API rate limiting
Rate limiting stops abuse: brute-force logins, scraping public catalogs, expensive admin requests, and flooding notification webhooks. Policies live in MongoDB and are editable from the admin app (super admins) without redeploying the server.
How a request flows
- CORS — browser origin check.
requestIdMiddleware— assigns or honorsX-Request-Id.rateLimitMiddleware— loads cached config, matches policies, updates counters, may return 429.- Route + handler — auth, validation, business logic.
If global rate limiting is disabled (enabled: false in config), step 3 does nothing useful beyond skipping work.

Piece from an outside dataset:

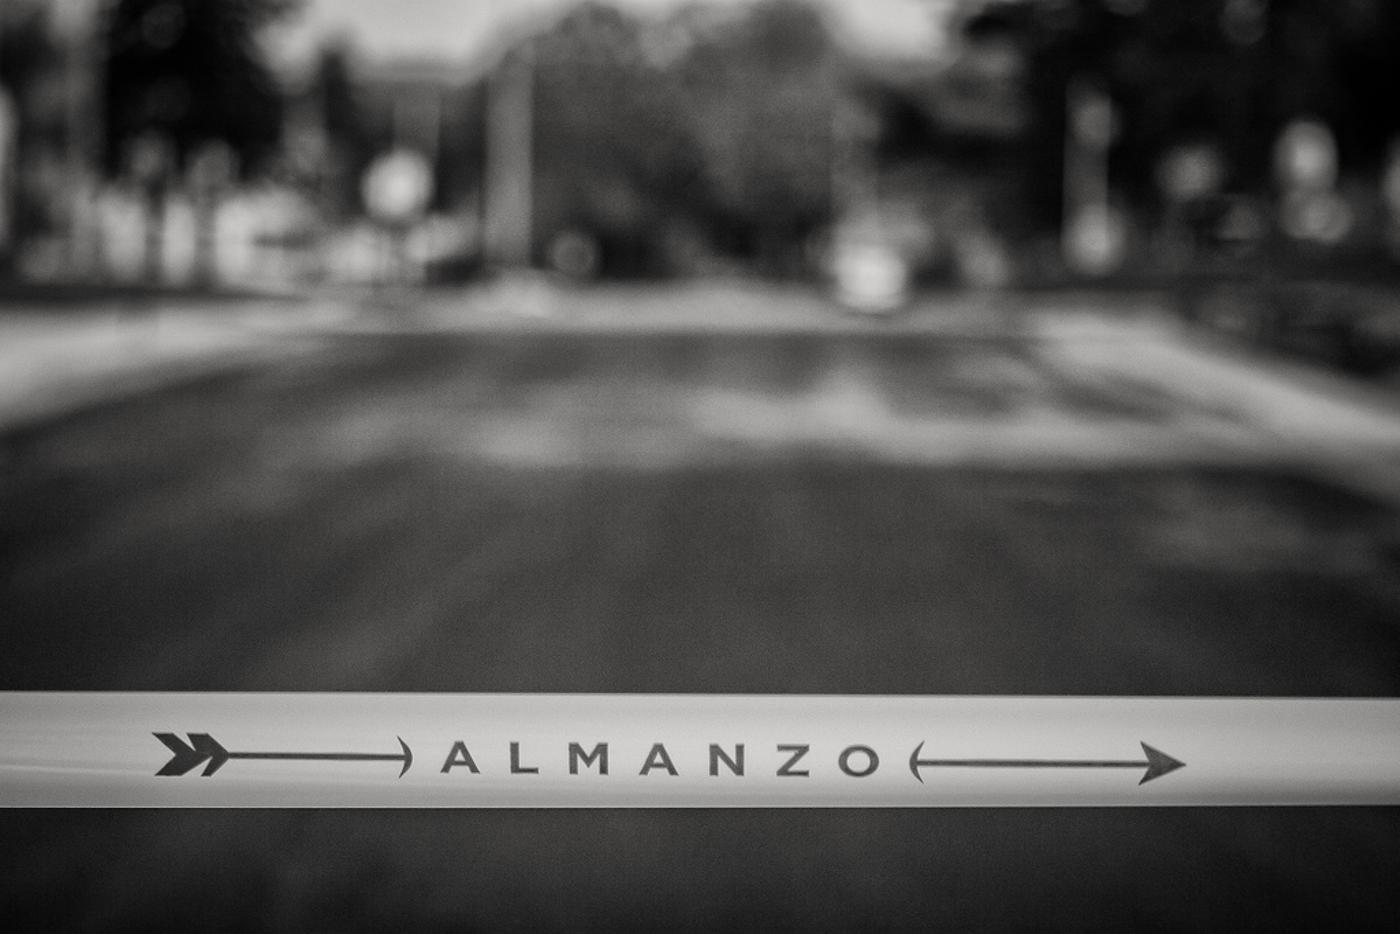 Craig Lindner's Almanzo 100 Photos
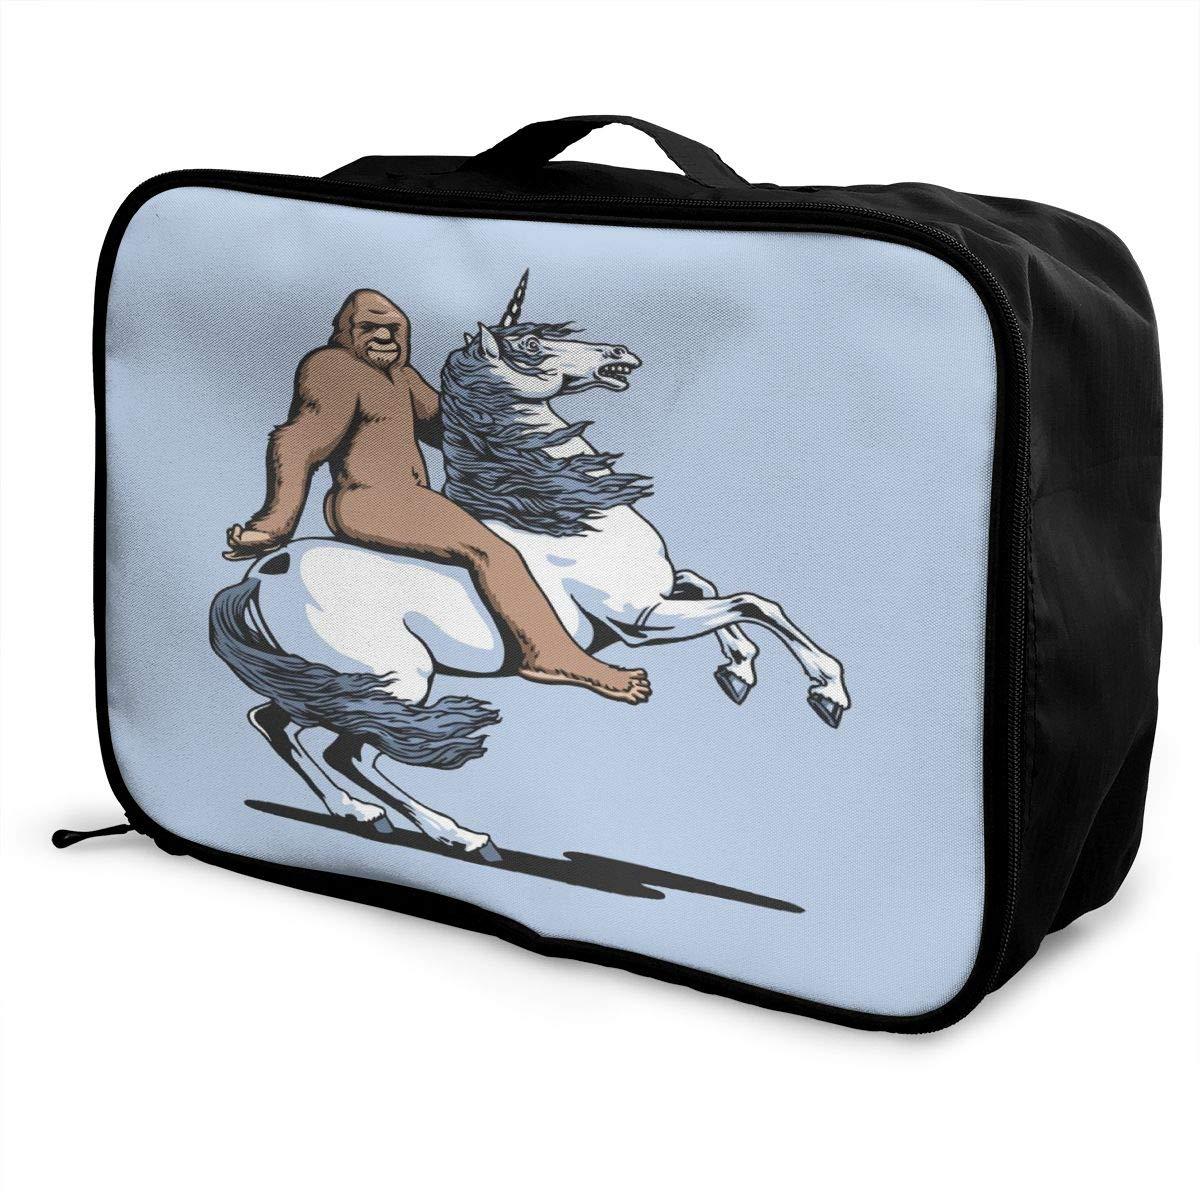 Sasquatch Bigfoot Riding Unicorn Travel Lightweight Waterproof Folding Storage Portable Luggage Duffle Tote Bag Large Capacity In Trolley Handle Bags 6x11x15 Inch

Glossary (quick reference)
| Term | What it means |
|---|---|
| Policy | One rule: which URLs, which HTTP methods, how many requests allowed in a window, how to count them, and whether to block. |
| Window | A time slice (windowSeconds). Counts reset or roll when the window advances. |
| Limit | Max allowed “usage” in that policy’s sense (see Algorithms below). |
| Identity | Who we count: by IP, by logged-in user id, both (prefer user), or internal worker. |
| Mode | off / shadow / enforce-soft / enforce — whether we only observe, soft-block, or hard-block. |
| Store | Where counters live: memory (single process) or mongo (shared across instances). |
| Config cache | In-process copy of the Mongo config; refreshes about every 30 seconds after load or invalidation. |
Policy fields (what each thing does)
Each policy in the database (and in the admin UI) has these fields:
| Field | Purpose |
|---|---|
id | Stable unique key (e.g. users.read). Used in logs, events, and API paths. |
name | Human label in admin UI. |
routeGroup | Tag for reporting (groups related limits in monitoring). |
pathPrefixes | List of URL path prefixes. A request matches if its path equals a prefix or starts with prefix + '/'. Example: /api/v1/users matches /api/v1/users/me. |
methods | Optional. If set, only these HTTP methods match (uppercase in storage, e.g. GET, POST). If omitted, any method matches the paths. |
identity | ip — count per client IP. user — per Bearer access token user id (decoded without running full route auth). user_or_ip — use user id when present, else IP. internal — only applies when x-internal-key is present (worker calls). |
windowSeconds | Length of the rate window in seconds (for fixed / sliding) or the period used to derive token refill rate for token_bucket. |
limit | Maximum count (fixed/sliding) or bucket capacity (token bucket). |
algorithm | fixed — count requests in the current window. sliding — smoother estimate using current + previous window. token_bucket — burst-friendly refill (good for expensive endpoints). |
mode | off — ignore. shadow — count and log “would block” but always allow the request. enforce-soft — allow up to about 3× the limit before blocking. enforce — block when over limit. |
weight | When several policies match, they are evaluated in weight order (higher first). The most restrictive outcome (lowest remaining quota or blocked) wins for the response. |
allowlist | List of raw identity strings (e.g. ip:203.0.113.5, user:<mongoId>) that skip this policy. |
Super-admin bypass
If the user is a super admin (isAdmin: true on the user document), policies with identity: user are skipped for that user. IP-based and user_or_ip policies still apply when falling back to IP.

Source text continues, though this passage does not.